Дублинцы. Улисс (сборник) - Джеймс Джойс
Шрифт:
Интервал:
Закладка:
Герти была не дочка, а просто сокровище, вторая мать всей семье, помощница и ангел-хранитель, золотое сердечко. Когда у матери случались эти ужасные мигрени, такие что голова раскалывалась, кто как не Герти всегда натирала ей лоб ментоловой свечкой, хоть ей и не нравилось, что мать нюхает табак, это было одно-единственное, из-за чего у них выходили споры, нюхать табак. Все неустанно ее хвалили за ее милое обхождение. Именно Герти всегда отключала газ на ночь, и Герти же повесила на стенке в одном местечке, где она никогда не забывала посыпать хлоркой каждые две недели, календарь с картинкой «В идиллические времена», что им подарил мистер Танни, бакалейщик. На этой картине молодой джентльмен, одетый по-старинному, в треуголке, протягивал своей возлюбленной даме букет цветов через решетку ее окна, со всей галантностью того давнего времени. Сразу ясно, что за этим какая-то история. И как приятно подобраны краски! Она в белом из облегающей мягкой ткани, и поза самая изысканная, а кавалер в наряде шоколадного цвета и выглядит аристократом до кончиков ногтей. И часто, заходя туда кой-зачем, она мечтательно глядела на них и, засучив слегка рукава, трогала свои руки, такие же белые и мягкие как у той и размышляла о тех временах потому что она нашла в словаре произношения Уокера который остался от дедушки Гилтрапа что это значит идиллический.
Близнецы теперь играли вполне по-братски, самым похвальным образом, до тех пор, пока юный Джеки, который и в самом деле был отчаянный озорун, от этого никуда не денешься, нарочно не наподдал мячик изо всех сил в сторону затянутых тиной скал. Само собой ясно, что бедный Томми выказал бурное огорчение, но, к счастью, джентльмен в черном, сидевший там в одиночестве, отважно ринулся на выручку и поймал мяч. Оба соперника с истошными воплями тут же принялись требовать любимую игрушку, и чтобы выйти из положения, Сисси Кэффри обратилась к джентльмену, бросьте его мне, пожалуйста. Джентльмен примерился раз-другой и метнул его по песку в сторону Сисси, но он откатился под уклон и остановился у маленькой лужицы под скалой, в точности подле юбки Герти. Близнецы немедля возобновили свои требования, и Сисси попросила ее стукнуть его к ним и пусть они ловят, кто поймает, так что Герти отвела ножку но она предпочла бы чтоб этот их глупый мяч не закатывался к ней и попыталась ударить по нему но промазала, а Эди и Сисси рассмеялись.

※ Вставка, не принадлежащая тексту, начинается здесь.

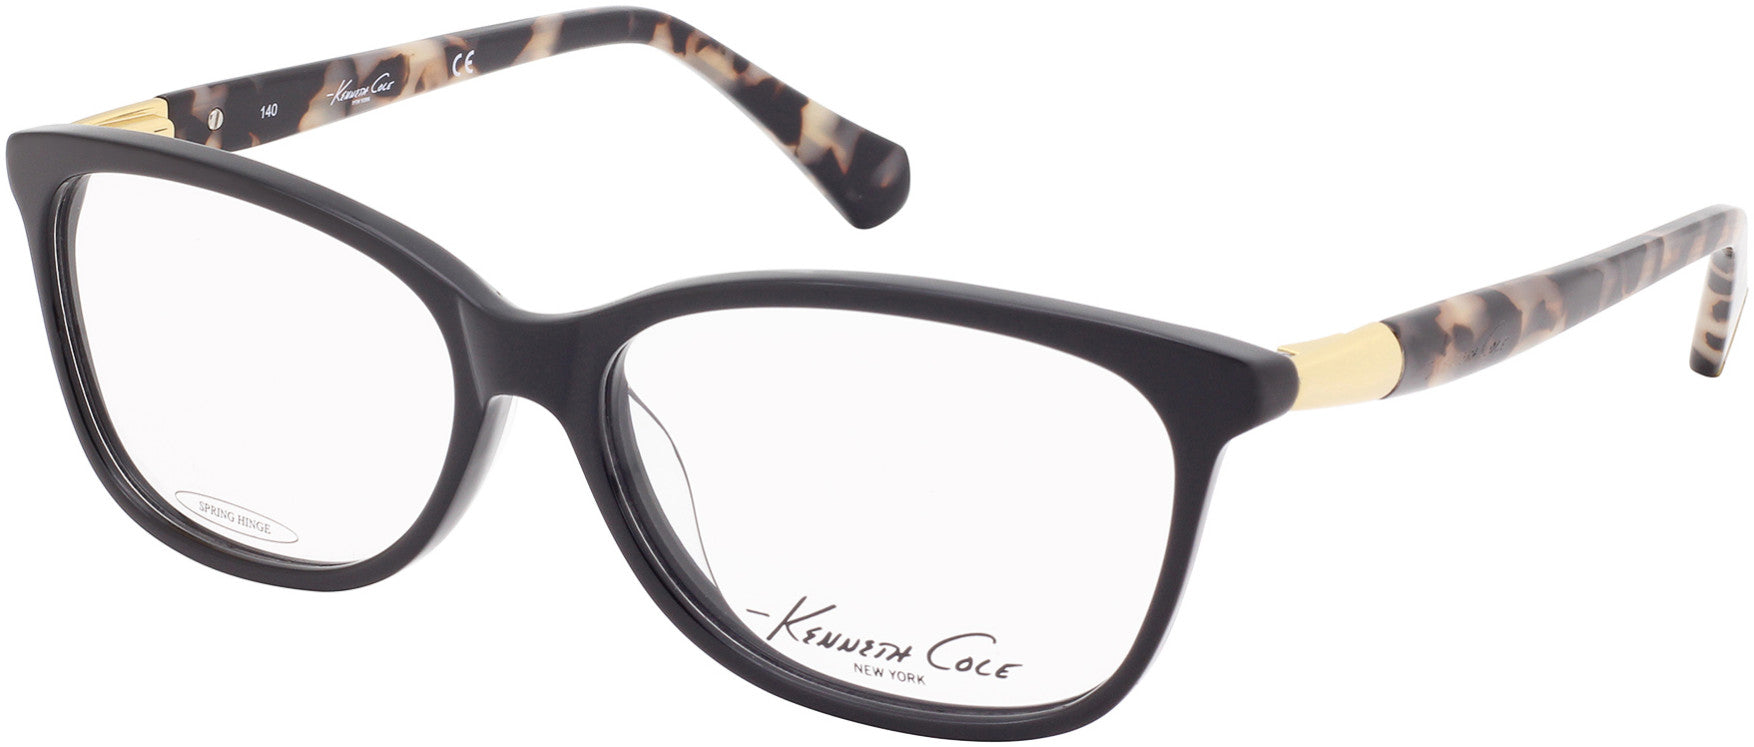 Kenneth Cole New York,Kenneth Cole Reaction KC0212 Eyeglasses 001-001 - Shiny Black
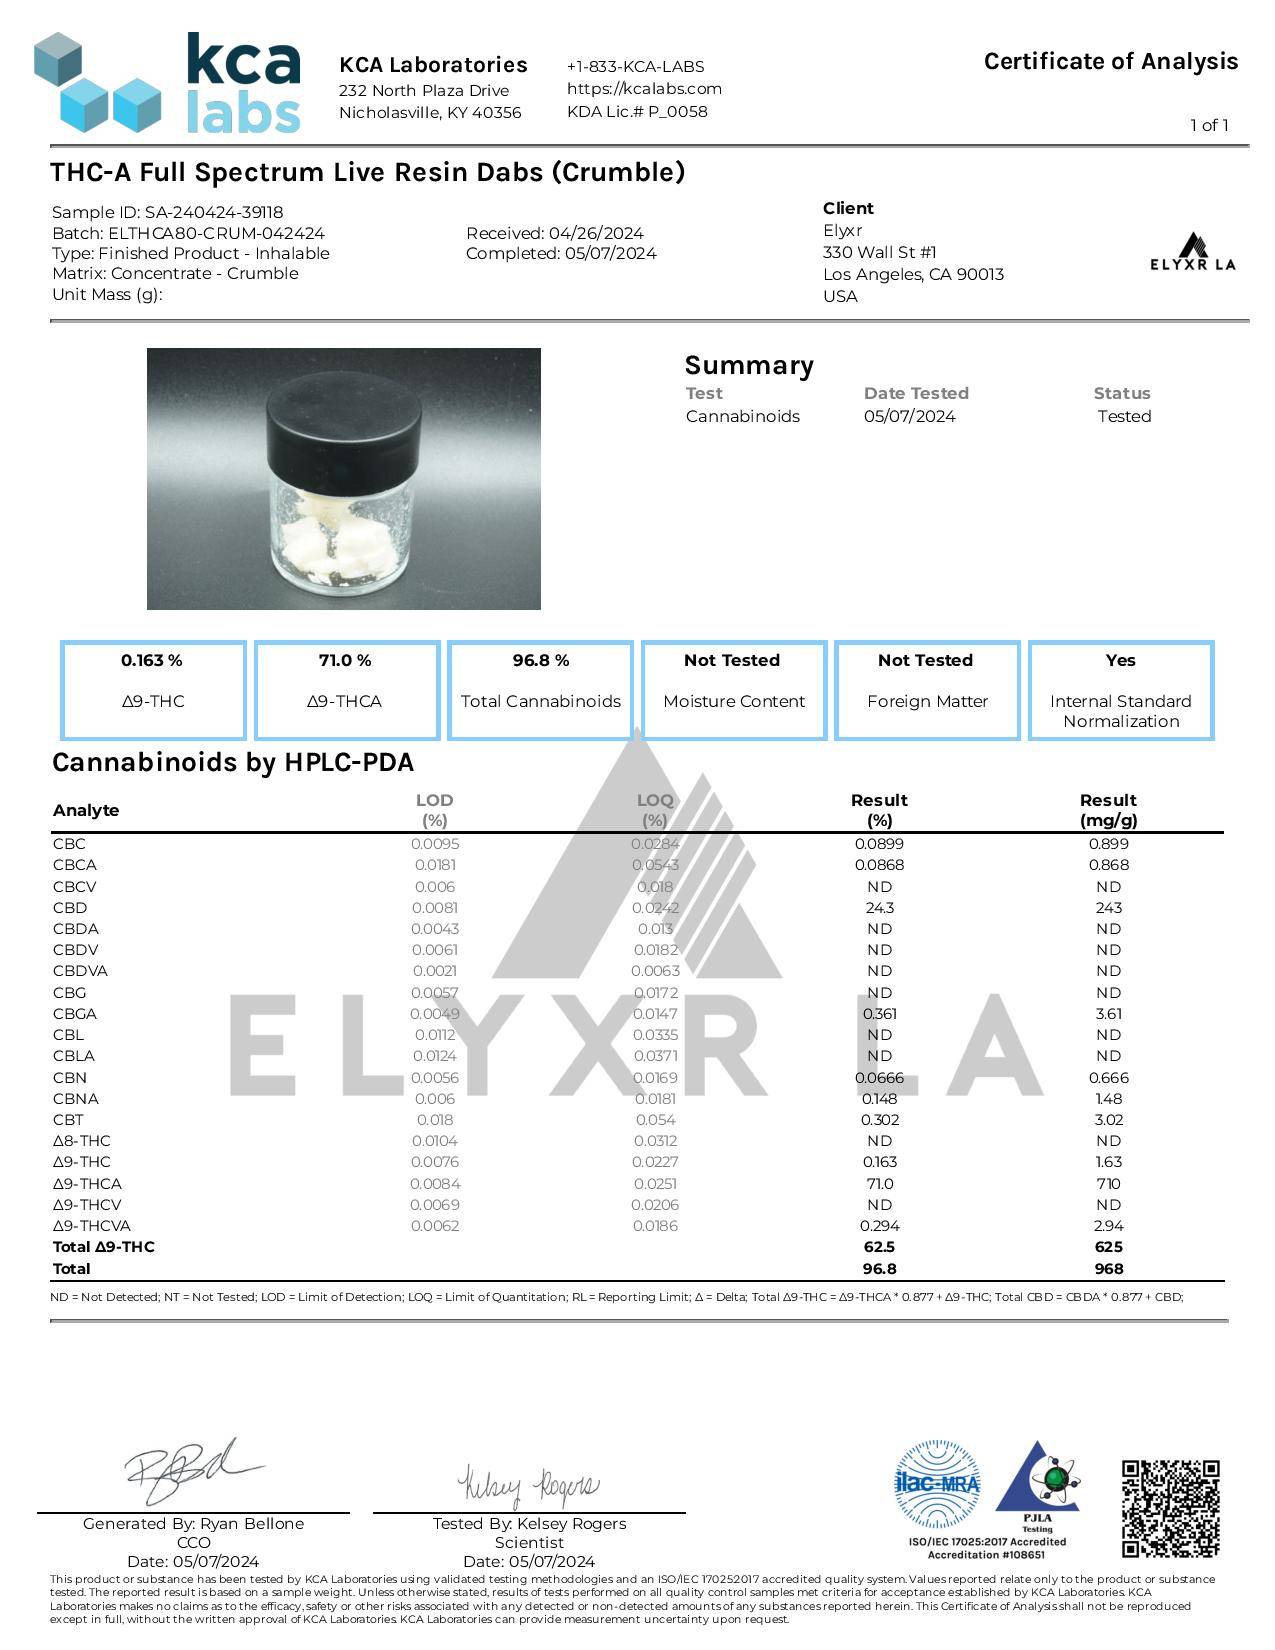 SA-231026-29054 Elyxr Muscimol 26 THC-A Disposable A-page-001

– Раз не вышло, пробуй снова, – сказала Эди Бордмен.
Герти улыбнулась в знак согласия и закусила губку. Ее нежные щеки порозовели, однако она твердо решила им показать и потому приподняла чуть-чуть юбку, немножко, но так, чтобы не мешала, и, хорошенько прицелившись, лихо наподдала ножкой по мячу, так что тот отлетел далеко-далеко, а оба близнеца припустились за ним по гальке. Конечно, это была чистейшая ревность, только чтобы привлечь внимание джентльмена, наблюдавшего неподалеку. Она почувствовала, как жаркий румянец прихлынул и заполыхал на ее щеках, а это всегда был опасный знак у Герти Макдауэлл. Покамест они лишь мельком поглядывали друг на друга, но сейчас она рискнула посмотреть пристальней из-под полей новой шляпы, и ей показалось, что она в жизни своей не видела такого печального лица какое-то странно вытянутое, вымотанное, что встретил ее взор в подступающих сумерках.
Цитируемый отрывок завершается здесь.